Самой яркой фигурою в редакции «Мусагета» был, бесспорно, Андрей Белый. Особенно озлобленные недоброжелатели Бориса Николаевича часто называли его паяцем: «все–де в нем нарочито, руки попросту не подает, на кафедре дергается, как Петрушка». Простоты в Белом, правда, не было, но не было в нем и нарочитости: он был скорее юродивым, чем позером.
В описываемые годы московской жизни Белый с одинаковой страстностью бурлил и пенился на гребнях всех ее волн. Помню его не только на заседаниях Религиозно–философского или Психологического обществ, не только у Морозовой и в «Мусагете», но также на уютных вечерних беседах у Гершензона, в редакции «Скорпиона», на концертах Олениной д'Альгейм, в гостиной Астрова, где, сильно забирая влево, он страстно спорил с «Кадетами» и земцами, на антропософских вечерах у Харитоновой и, наконец в каком то домишке в глубоких подмосковных снегах на полулегальных собраниях толстовцев, штундистов, реформаторов православия и православных революционеров, где он все с тою же исступленностью вытанцовывал, выкрикивал и выпевал свои идеи и видения.

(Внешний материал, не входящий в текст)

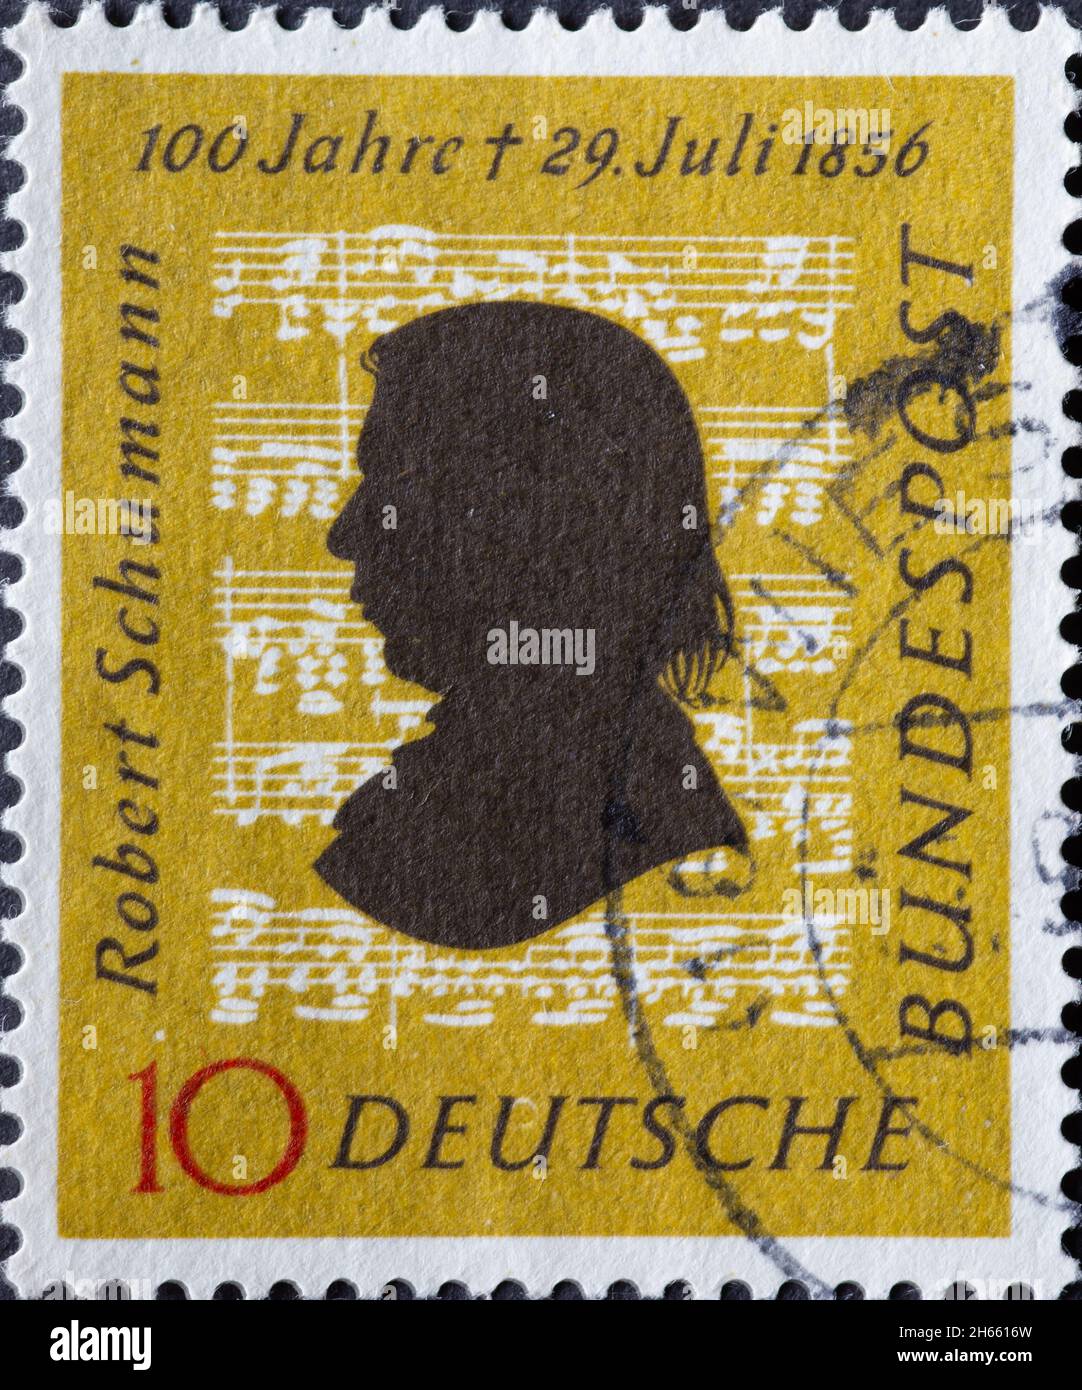 ALLEMAGNE - VERS 1956: Ce timbre-poste en jaune ocre montre le portrait du compositeur Robert Schumann sur fond de notes musicales. t Banque D'Images

Перечислять темы, на которые говорил в те годы Белый, и невозможно и ненужно. Достаточно сказать, что его сознание подслушивало и подмечало все, что творилось
в те канунные годы, как в России, так и в Европе: недаром он сам себя охотно называл сейсмографом. Чего бы, однако, ни касался Белый, он по существу всегда волновался одним и тем же: всеохватывающим кризисом европейской культуры и жизни, грядущей революцией европейского сознания, «циркулирующим» по России революционным субъектом, горящими всюду лесами, расползающимися оврагами; в его сознании все мелочи и случайности жизни естественно и закономерно превращались в симптомы, символы и сигналы.Талантливее всего бывал Белый в прениях. Он, конечно, не был оратором в духе Родичева или Маклакова. Как в Думе, так и в суде он был бы невозможен: никто ничего бы не понял. Но говорил он все же изумительно. Необъятный горизонт его сознания непрерывно полыхал зарницами неожиданнейших мыслей. Своею ширококрылою ассоциацией он в вихревом полете речи молниеносно связывал во все новые парадоксы, казалось бы никак не связуемые друг с другом мысли. Чем вдохновеннее он говорил, тем чаще логика его речи форсировалась фонетикой слов: ум превращался в заумь, философская терминология — в символическую сигнализацию. Минутами прямой смысл почти совсем исчезал из его речи, но, несясь сквозь невнятицы, Белый ни на минуту не терял своего поразительного словотворческого дара.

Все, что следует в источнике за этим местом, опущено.